Memory as a first-class concern. Long-term, structured memory — not just extended context windows — is increasingly recognized as essential for agents that must operate over extended time horizons. The surveys consistently identify memory as one of the least developed and most important capabilities.
The protocol standardization imperative. As agents proliferate, the need for standardized communication between them becomes urgent. The surveys note the emergence of MCP, ACP, and A2A as competing standards, each addressing different layers of the interoperability stack.

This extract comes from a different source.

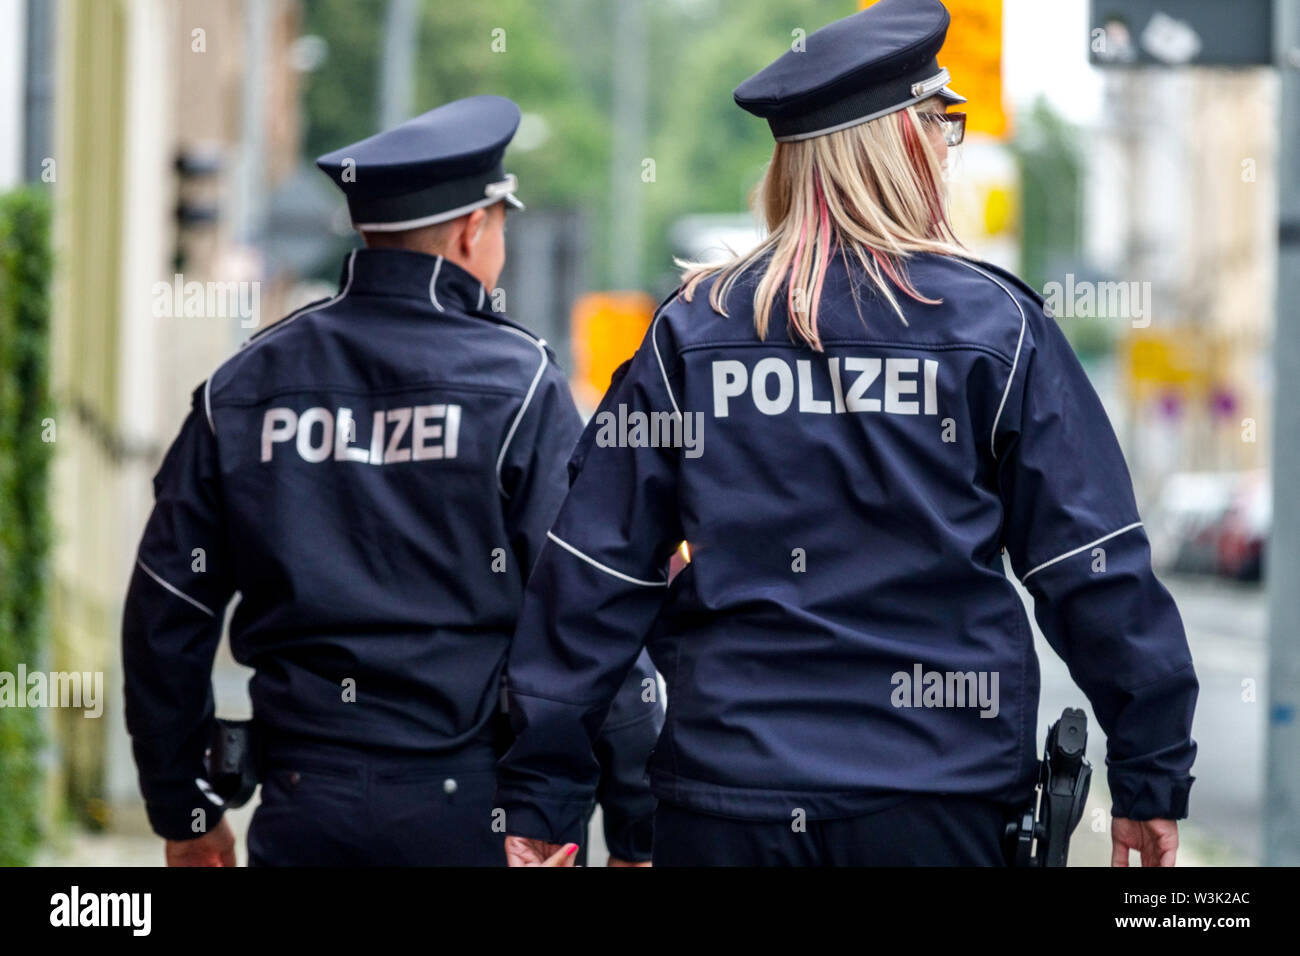 Germany Police Officer woman Two police patrol Germany policeman police ...

Safety and evaluation as bottlenecks. The gap between what agents can do and our ability to verify that they do it safely and correctly is widening. Both surveys flag this as perhaps the most pressing challenge facing the field.
The Architecture Question
What does a complete autonomous agent architecture actually look like? The emerging consensus suggests several essential components: a reasoning core (the LLM itself, enhanced with chain-of-thought and reflection capabilities), a memory system (combining short-term working memory with long-term episodic and semantic storage), a tool interface (standardized protocols for invoking external capabilities), a planning module (decomposing goals into executable steps), and an evaluation mechanism (assessing whether actions achieved their intended outcomes).
The debate is not whether these components are needed but how they should be composed. Should agents follow a centralized architecture where a single planner orchestrates specialized workers? Or should they adopt a decentralized design where peer agents negotiate and collaborate? The evidence suggests that the answer depends on the domain — centralized architectures suit well-defined workflows, while decentralized designs better handle open-ended, multi-stakeholder environments.
Open Questions
The surveys collectively identify several frontiers. How do we build agents that reason reliably under uncertainty rather than defaulting to confident-sounding but incorrect responses? How do we create evaluation frameworks that evolve as fast as the agents they assess? And how do we ensure that the growing autonomy of AI agents remains aligned with human intentions, particularly as agents begin to operate in chains where no single human oversees the full workflow?
Looking Forward
The rapid maturation of the survey literature itself signals that the field is transitioning from exploration to consolidation. The foundational architectural patterns are becoming clear. The next phase will be defined not by novel architectures but by reliable engineering — building agents that work consistently, safely, and efficiently in production environments where the consequences of failure are real.
References
Ferrag, M. A., Tihanyi, N., & Debbah, M. (2025). From LLM reasoning to autonomous AI agents: A comprehensive review. arXiv preprint, arXiv:2504.19678.
Yehudai, A., Eden, L., Li, A., Uziel, G., Zhao, Y., Bar-Haim, R., Cohan, A., & Shmueli-Scheuer, M. (2025). Survey on evaluation of LLM-based agents. arXiv preprint, arXiv:2503.16416.